The present invention will be described in more detail below with reference to examples, but the scope of the present invention is not limited by the examples. The Izod impact strength (3.2 mm thickness, no notch), the tensile property and the bending property in the examples are respectively ASTM D638, ASTM D790 and AST for the test pieces prepared by injection molding.
It is a value measured at 23 ° C. according to MD648.

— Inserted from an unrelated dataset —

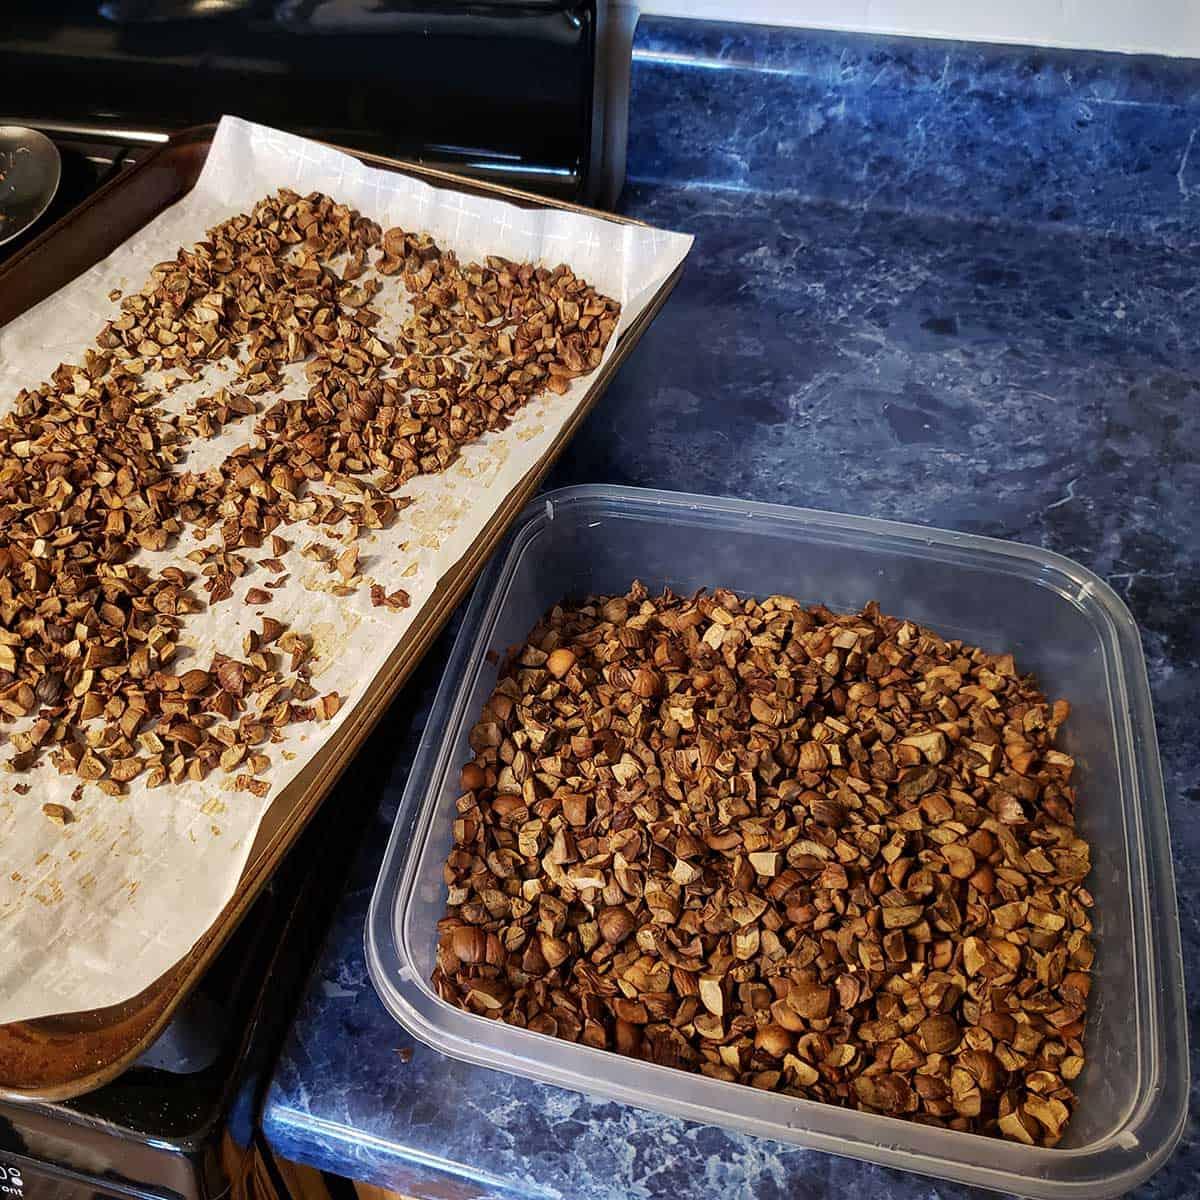 Drying the acorns

Example 1 100 parts by weight of non-crosslinked polyphenylene sulfide having a melt flow rate of 21 dg / min under a load of 2.16 kg / cm ^{2 at} 300 ° C. and 2,4-bis (4-isocyanatephenylmethyl) benzeneisocyanate 3 parts by weight were blended using a super mixer. The obtained compound was heated to a cylinder temperature of 300 using a 40 mm diameter uniaxial extruder.
The resin composition of the present invention was pelletized by extruding at a temperature of 90 ° C and a screw rotation speed of 90 rpm. The unnotched Izod impact strength of the resin composition, the tensile elongation and flexural modulus respectively 132kg · cm / cm ^2, was 7.0% and 28400kg / cm ^2.

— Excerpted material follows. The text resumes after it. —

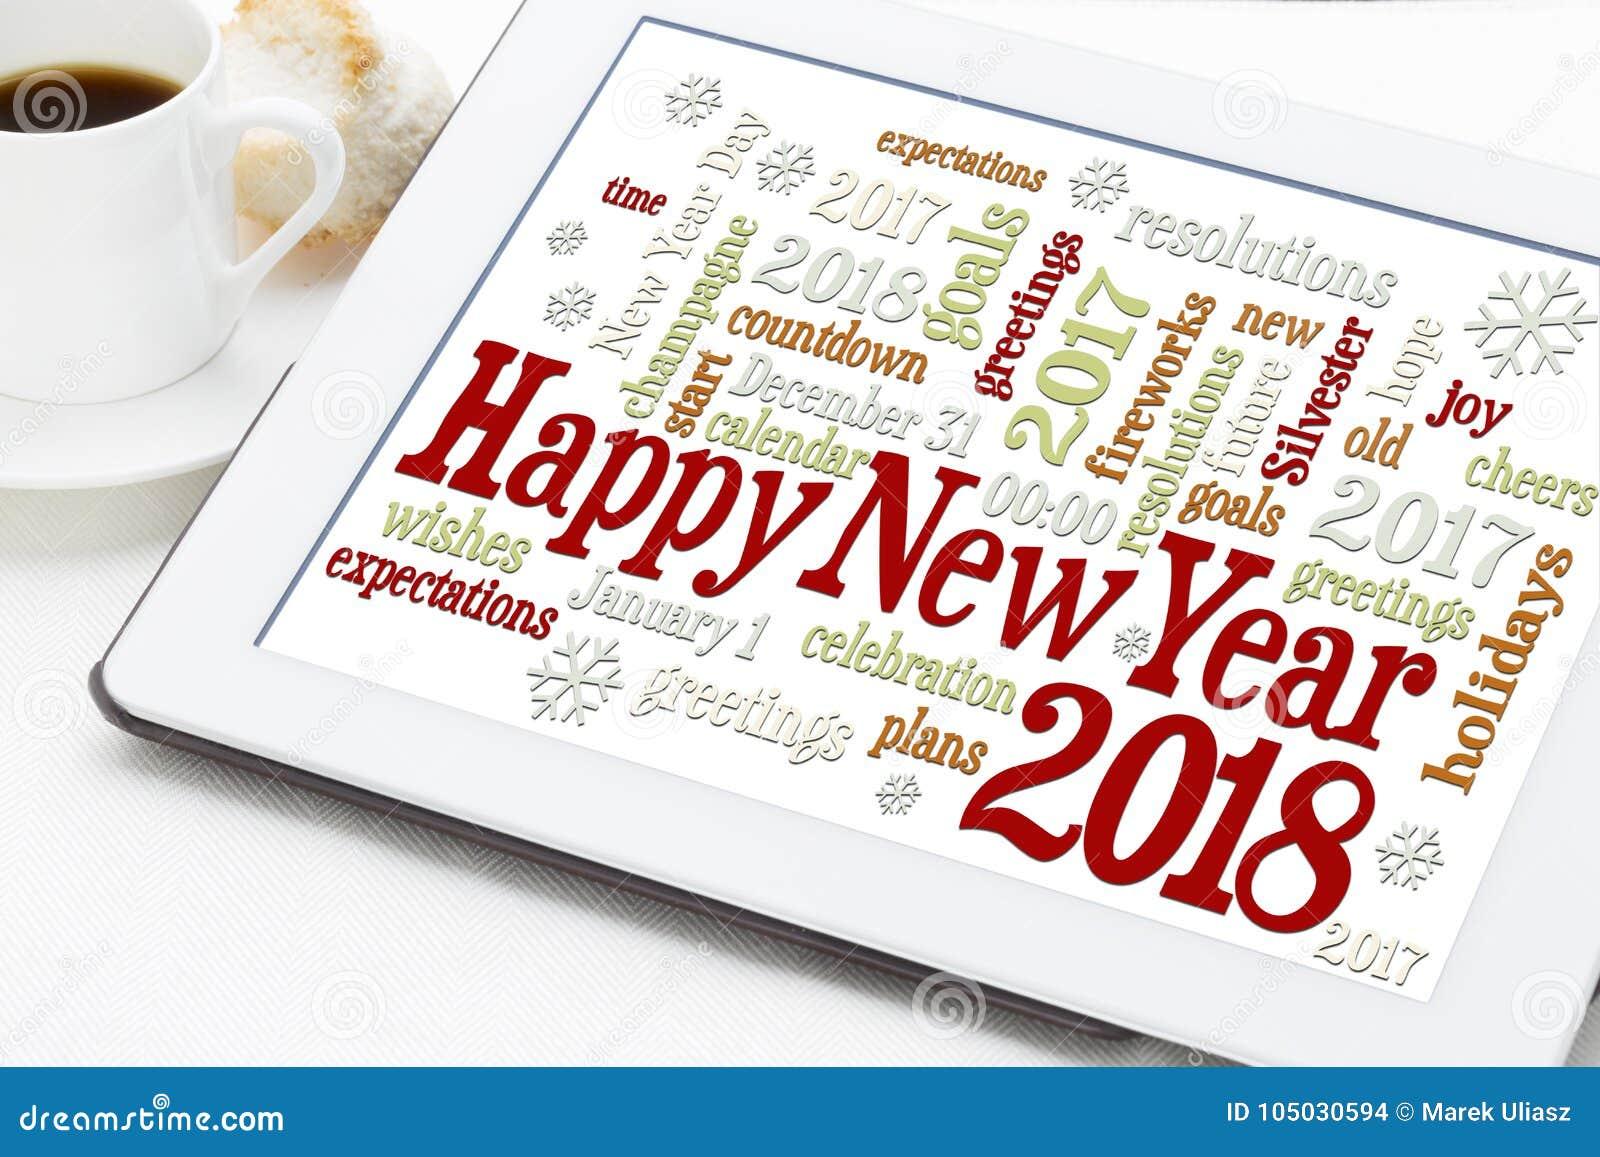 Happy New Year 2018 Word Cloud Stock Photo - Image of card, season ...

Comparative Example 1 A resin composition pellet was obtained in the same manner as in Example 1 except that diphenylmethane diisocyanate was used instead of 2,4-bis (4-isocyanatephenylmethyl) benzene isocyanate. The notched Izod impact strength, tensile elongation and flexural modulus of the resin composition were 95 kg · cm / cm ² , 5.2% and 28300 k, respectively.
It was g / cm ² .

Comparative Example 2 A resin composition pellet was obtained in the same manner as in Example 1 except that 2,4-bis (4-isocyanatophenylmethyl) benzene isocyanate was not used. The notched Izod impact strength, tensile elongation and flexural modulus of the resin composition were 83 kg · cm / cm ² and 4.6%, respectively.
And 28600 kg / cm ² .

Example 2 2,4-bis (4-isocyanate phenylmethyl) benzene isocyanate was replaced with polymethylene polyphenylene polyisocyanate [Sumitou 4 manufactured by Sumitomo Chemical Co., Ltd.].
4V20], but the same operation as in Example 1 was carried out to obtain pellets of the resin composition. The notched Izod impact strength, tensile elongation and flexural modulus of the resin composition were 153 kg · cm / cm ² , 8.3% and 28, respectively.
It was 400 kg / cm ² .

[0045]

The resin composition of the present invention thus obtained is molded by various molding methods such as extrusion molding, injection molding and blow molding, taking advantage of excellent mechanical properties such as impact strength, and various useful values are obtained. It is supplied to the world as a resin product, and its industrial value is enormous.

Claims (5)

[Claims] 1. A polyarylene sulfide resin (A) and a general formula (B): ## STR1 ## (In the formula, n represents an integer of 1 or more.) A resin composition containing at least one polyisocyanate compound represented by the formula. 2. The resin composition according to claim 1, wherein the polyisocyanate compound is polymethylene polyphenylene polyisocyanate. 3. The resin composition according to claim 1, wherein the polyisocyanate compound is a polymethylene polyphenylene polyisocyanate having a number average molecular weight of 260 or more and about 800 or less. 4. The resin composition according to claim 1, wherein the polyarylene sulfide resin is polyphenylene sulfide. 5. The resin composition according to claim 1, wherein the polyarylene sulfide resin is a non-crosslinked polyphenylene sulfide.